Шрифт:
Интервал:
Закладка:
Рахиль, остановившись, прислонилась к низкой оштукатуренной стене, обмахиваясь маленьким испанским веером из кости и шелка. Камиль хотел взять ее под руку, чтобы ей легче было идти, но она отмахнулась.
– Может, ты и считаешь меня старухой, но мне помощь не нужна. – Она продолжила путь, шагая уже быстрее. Они начали пониматься по извилистой улочке, ведущей к магазину.
– Мадам Галеви всегда говорила то же самое, – заметил Камиль.
– Эта старая паучиха? – Губы Рахиль презрительно сжались.
Камиль ухмыльнулся. Ухмыляясь, он становился так похож на своего отца, что Рахиль чувствовала, как любовь к нему поднимается в ней волной. В согласии с советом Розалии, она любила его все больше, а не меньше.
Мысль о том, что он скоро будет свободен, наполняла Камиля радостью.
– Теперь я смогу отплатить Жестине за то, что она сшила мне новый пиджак, – весело сказал он. – Я отвезу в Париж платье, которое она сделала для Лидди.
– В этом нет необходимости, – отозвалась его мать.
Совсем скоро она будет в саду Тюильри поражать слушателей, незнакомых людей, рассказывая им о черепахах, вылезающих раз в год на берег, о кроваво-красных цветах, посаженных женами пиратов, и об улочках-лестницах, на которых беглые рабы спасались от преследующих их оборотней. Этим утром она начала упаковывать вещи, предусматривая и место для картин Камиля.
Она покровительственно похлопала сына по руке:
– Мы с Жестиной отвезем платье. Когда ты приедешь в Париж, мы будем уже там.
Обстановка в Америке была беспокойной. Воцарилась анархия, которая, вполне возможно, предвещала войну. Дела в магазине шли плохо из-за ненадежности морских перевозок, особенно у берегов Южной Каролины, где с пиратством, похоже, не только мирились, но и поощряли его. Фредерик дал обещание духу моего первого мужа, что сбережет его собственность, и не мог бросить дело, пока существовала опасность, что он это обещание не выполнит, хотя, конечно, разрывался между желанием уехать со мной и чувством долга. Он одобрил мое намерение переселиться во Францию. Там серьезно болела моя дочь Дельфина, туда должен был вскоре переехать наш сын Камиль. У меня не было больше причин оставаться на Сент-Томасе. К тому же Фредерик знал, что я всю жизнь мечтала о Париже. Было решено, что они с Камилем отправятся вслед за мной, когда дела в магазине пойдут на лад. Тогда его можно будет оставить на Энрике. Треть дохода будет принадлежать ему как управляющему, а остальное будет поступать родным Исаака. В принципе, Энрике мог бы довольствоваться и меньшим, но мы были обязаны ему самим своим существованием. Если бы он не донес плетеную корзину с моим отцом до гавани, ни я, ни мои дети никогда не появились бы на свет. Никто не встретил бы Фредерика, прибывшего на Сент-Томас, и никто не заплатил бы травнику за то, чтобы спасти его от лихорадки.

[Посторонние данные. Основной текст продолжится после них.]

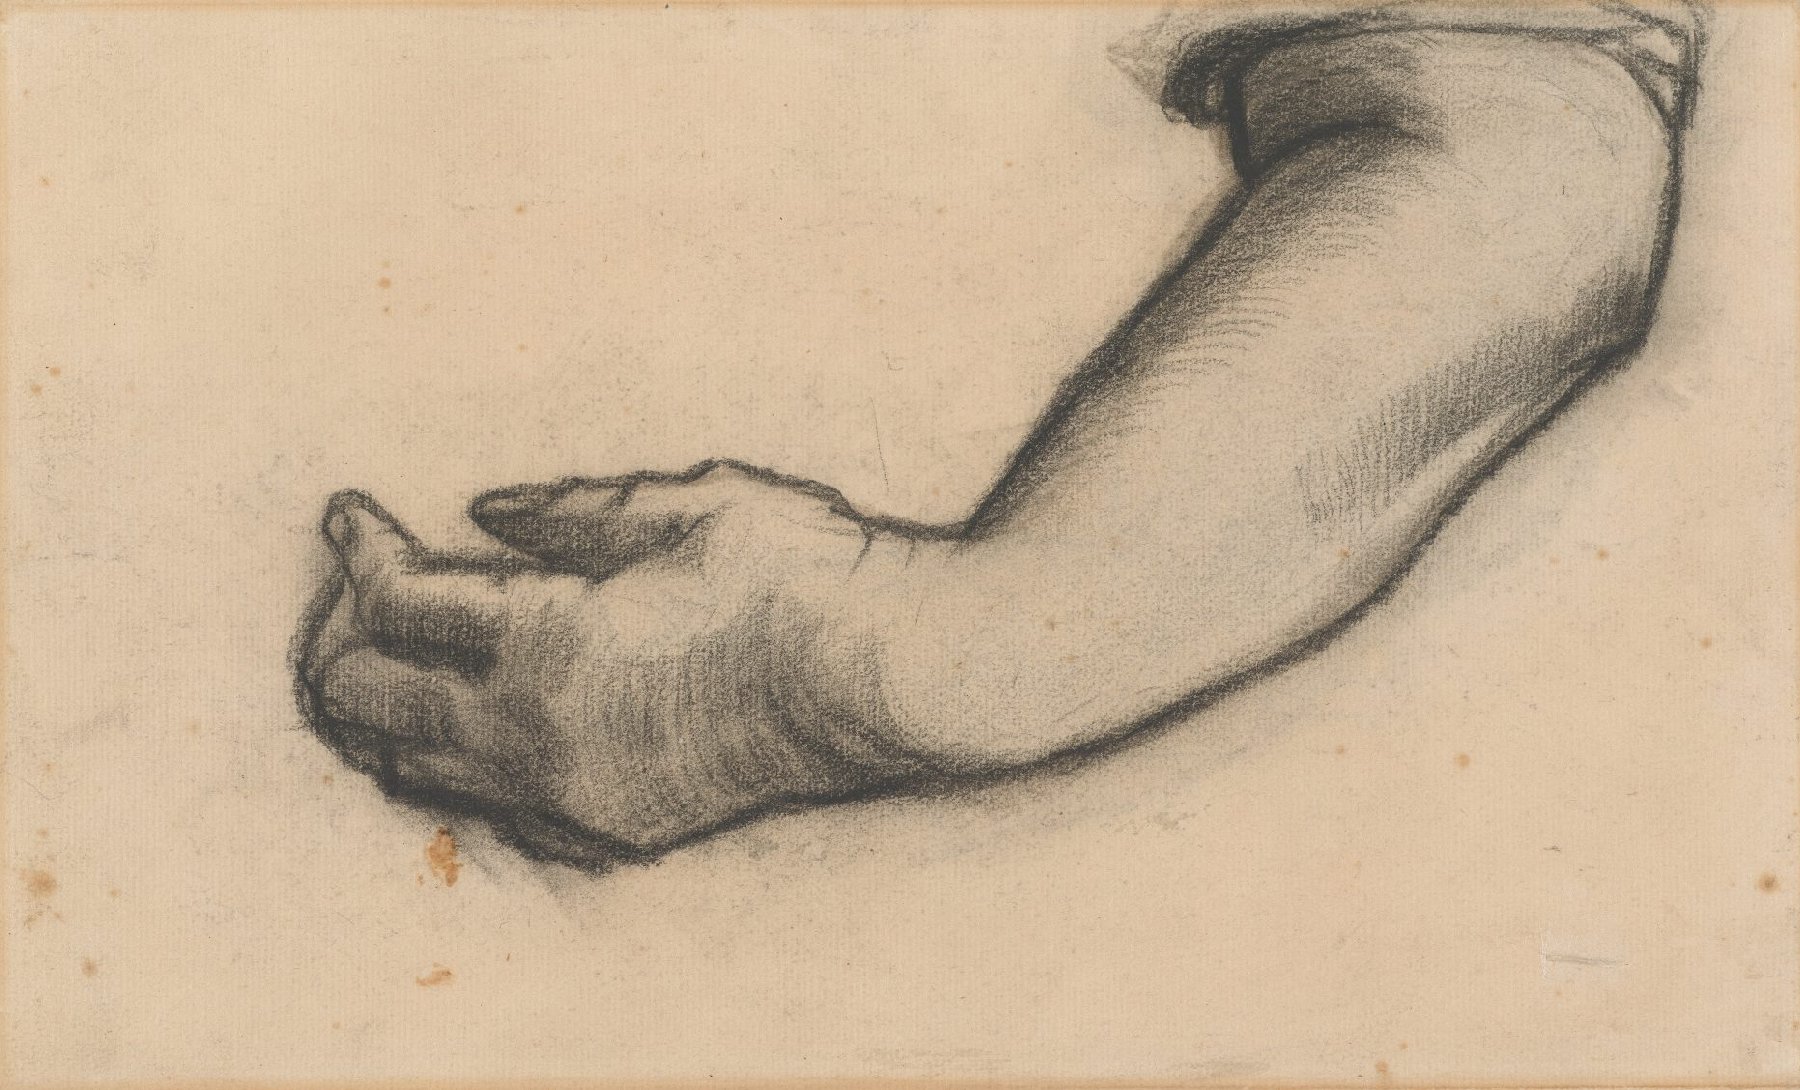 Arm Vincent van Gogh (1853 - 1890), Nuenen, december 1884-mei 1885

По мере приближения даты моего отъезда мы с мужем все больше нервничали. За тридцать с лишним лет мы ни одной ночи не провели порознь. Он до сих пор был влюблен в меня, а я, глядя на него, чувствовала такой же учащенный пульс на шее, какой появился у меня, когда я выглянула из окна и увидела его в окружении пчел. В свои пятьдесят три года Фредерик был так красив, что женщины на рынке при виде него пихали друг друга локтями. Я догадывалась, что они думали, глядя на нас вместе: «Что он в ней нашел? Как это ей удалось приворожить его на всю жизнь?» Ну что ж, если им хотелось видеть во мне колдунью, я не возражала. Может быть, я действительно была колдуньей, заманила его к себе и подстроила так, что он неизбежно влюбился в меня, увидев в белом дезабилье. Это было единственное утро, когда я не заколола свои темные волосы, и я намеренно стояла там полуодетая, видя желание в его глазах.

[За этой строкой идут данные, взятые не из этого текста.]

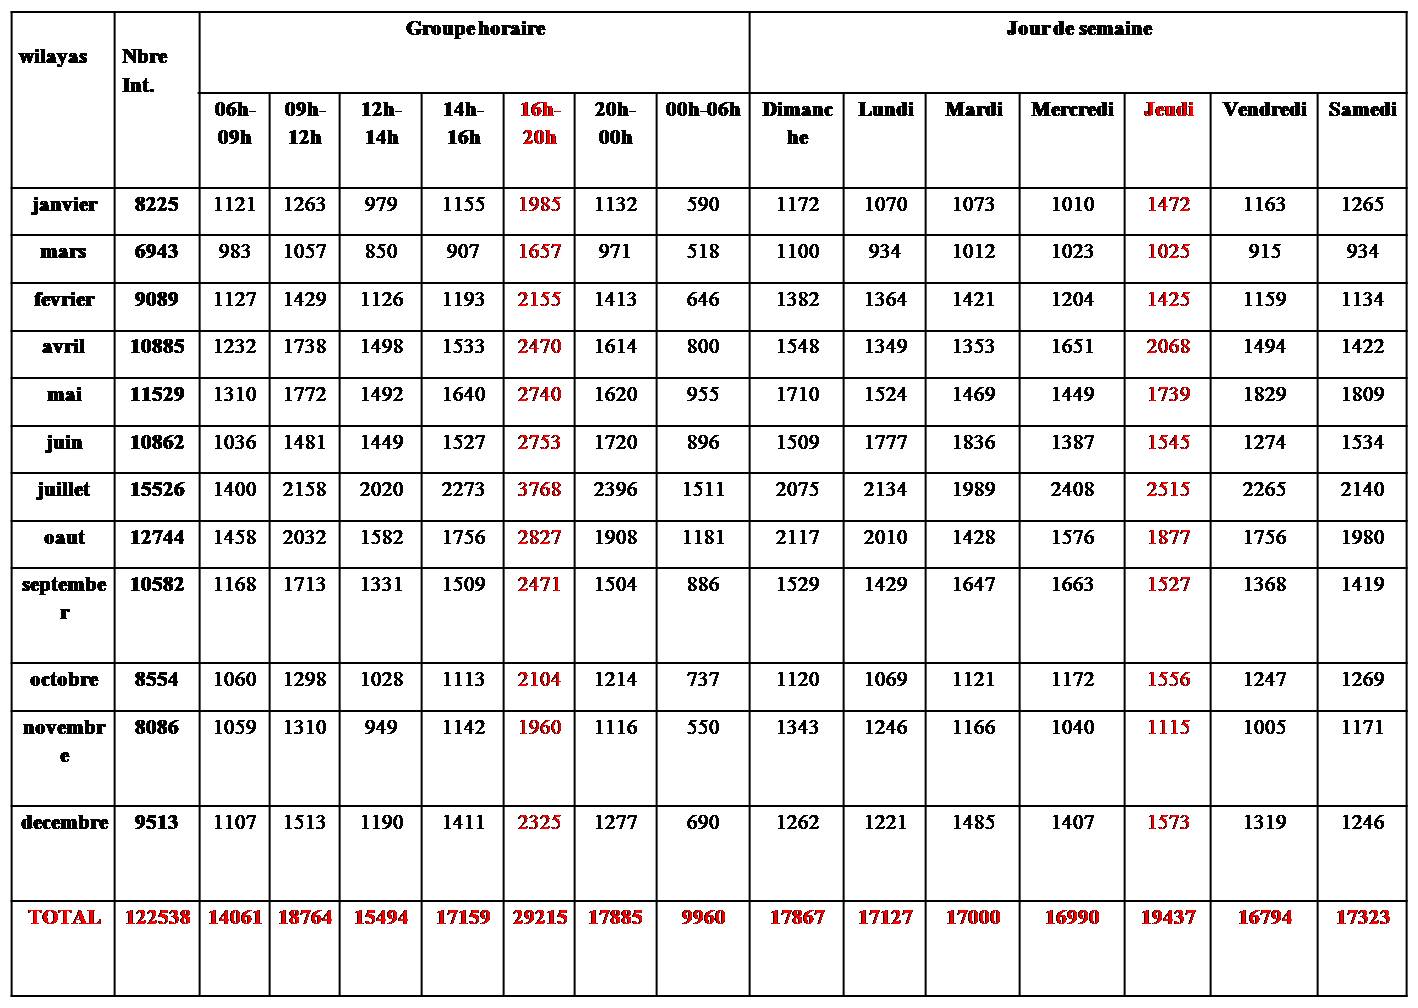 « Tableau de classification des accidents de la circulation selon groupe horaire et jour de semaine 2015 »

В свой последний день на Сент-Томасе я посетила дом, в котором выросла. Когда я вошла во двор, меня охватила печаль. Я ожидала, что меня будут разрывать противоречивые чувства, как всегда случалось, когда я думала о том, какой неблагодарной дочерью была, но теперь из переплетения вьющихся растений на меня смотрели лишь робкие тающие призраки прошлого. Очевидно, новые владельцы дома заметили меня, но не стали прогонять и только закрыли ставни – возможно, из-за слухов обо мне, а может быть, они видели, как я протянула руки, словно призывая, притягивая теплом своей плоти последние остатки живших здесь некогда людей, прежде чем они окончательно рассыплются в прах.

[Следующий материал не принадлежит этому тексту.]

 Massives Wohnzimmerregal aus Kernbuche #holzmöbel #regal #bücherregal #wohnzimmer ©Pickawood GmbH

Мне казалось, что я буду горевать, снова пройдясь по дорожкам сада, но вместо этого знакомый ландшафт моего детства вызывал во мне удивительную нежность. Отец вынудил меня вступить в брак по расчету, но он всегда любил меня. Он уважал меня за мой ум и преподал мне основы бизнеса. И из-за этого я всегда была высокого мнения о себе, вопреки тому, что думали другие. Я действительно была самонадеянна, но это, возможно, не самая плохая черта в женщине. Встав на колени, я поискала под живой изгородью ящерицу, любимицу моего кузена, – эти существа, как говорят, живут обычно дольше людей, – но увидела только букашек и аккуратно прополотую землю.
В другом конце сада сын Розалии Карло подстригал кусты олеандра. Увидев меня, он улыбнулся и застенчиво поздоровался. Он был в том злосчастном возрасте, когда мальчику не терпится стать мужчиной. Он учился в моравской школе, а по воскресеньям подрабатывал в нашем магазине. Розалия безбоязненно слишком сильно любила его, а Энрике так просто души в нем не чаял, и ничего плохого из-за этого с мальчиком не случилось. Розалия больше не считала, что любовь может быть проклятием. Это была жестокая шутка женщины, ухаживавшей за ребенком, которая внушила Розалии мысль, что ее молоко погубило ее первенца.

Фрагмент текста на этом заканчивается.